Chapter 12 R Markdown

R Markdown is a package that supports using R to dynamically create documents, such as websites (.html files), reports (.pdf files), slideshows (using ioslides or slidy), and even interactive web apps (using shiny).

As you may have guessed, R Markdown does this by providing the ability to blend Markdown syntax and R code so that, when executed, scripts will automatically inject your code results into a formatted document. The ability to automatically generate reports and documents from a computer script eliminates the need to manually update the results of a data analysis project, enabling you to more effectively share the information that you’ve produced from your data. In this chapter, you’ll learn the fundamentals of the RMarkdown library to create well-formatted documents that combine analysis and reporting.

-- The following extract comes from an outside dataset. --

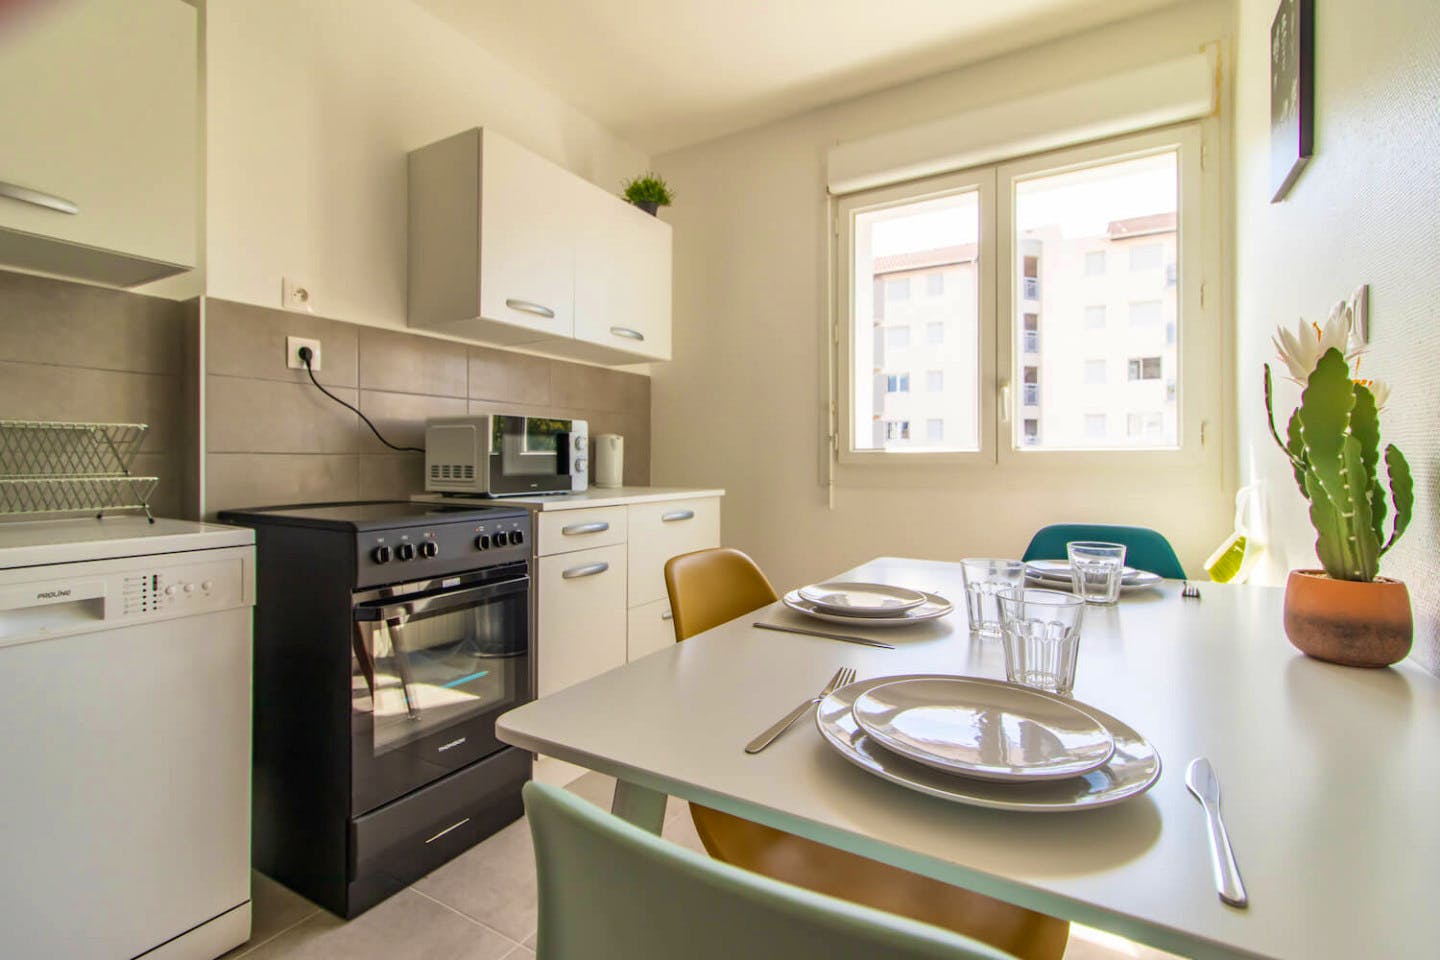 Apartment located in the city center of Grenoble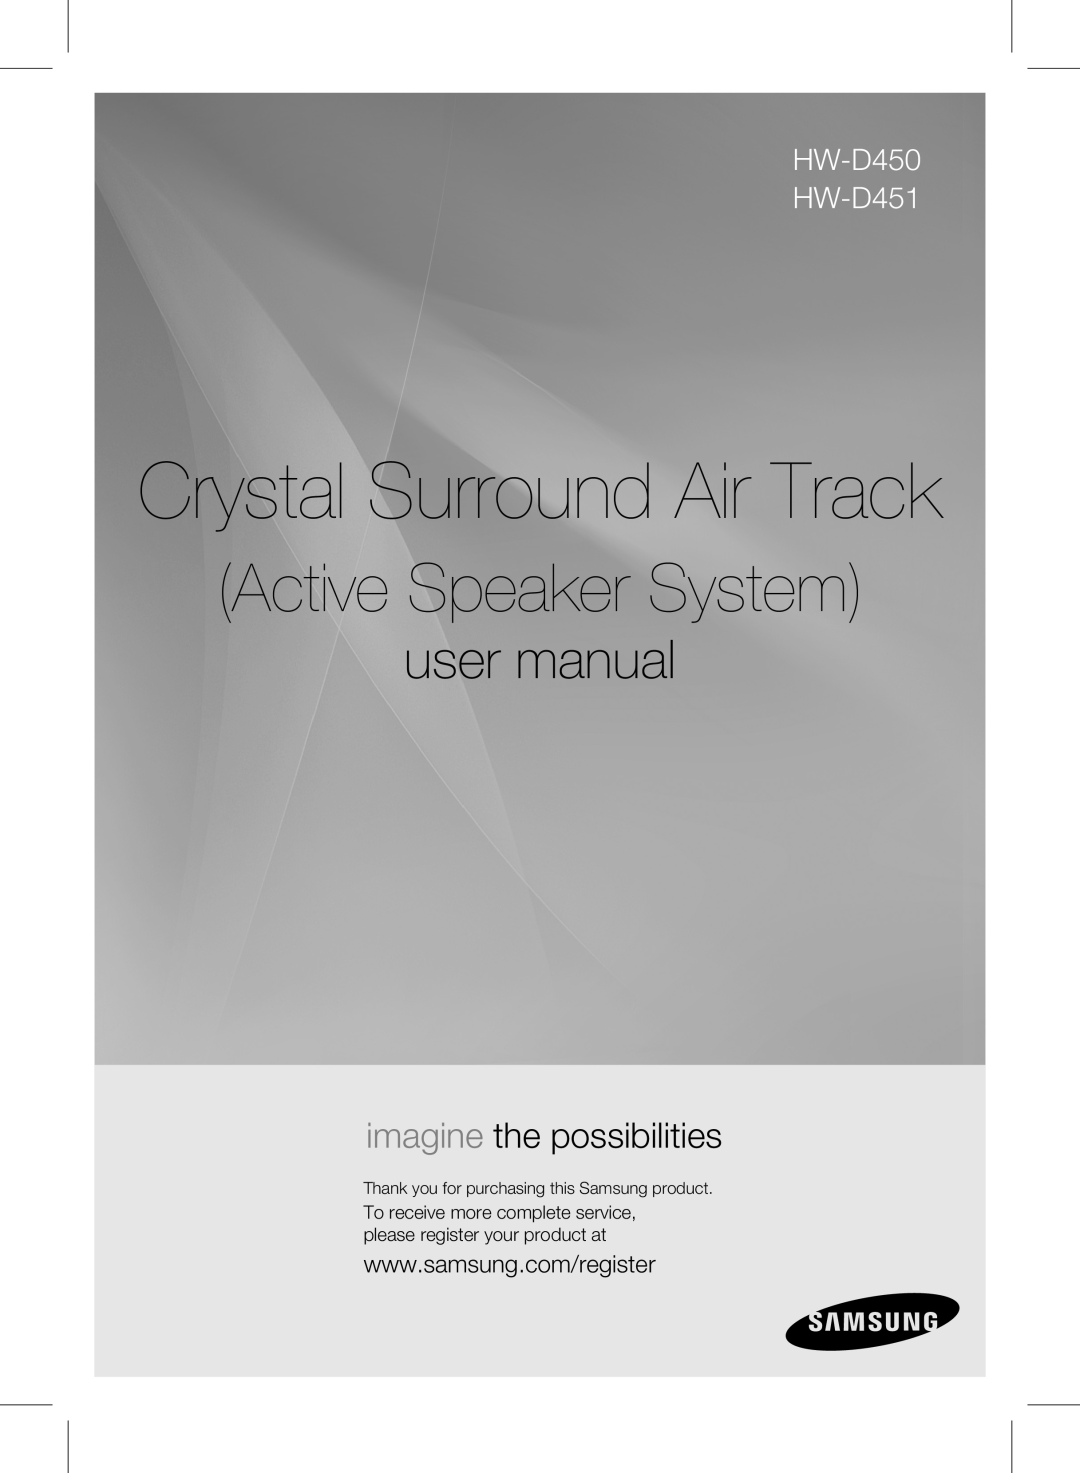 Siemens user manual Crystal Surround Air Track, Active Speaker System, imagine the possibilities, HW-D450 HW-D451

12.1 R Markdown and RStudio

R Markdown documents are created from a combination of two libraries: rmarkdown (which process the markdown and generates the output) and knitr (which runs R code and produces Markdown-like output). These packages are already included in RStudio, which provides built-in support for creating and viewing R Markdown documents.

12.1.1 Creating .Rmd Files

The easiest way to begin a new R-Markdown document in RStudio is to use the File > New File > R Markdown menu option:

Create a new R Markdown document in RStudio.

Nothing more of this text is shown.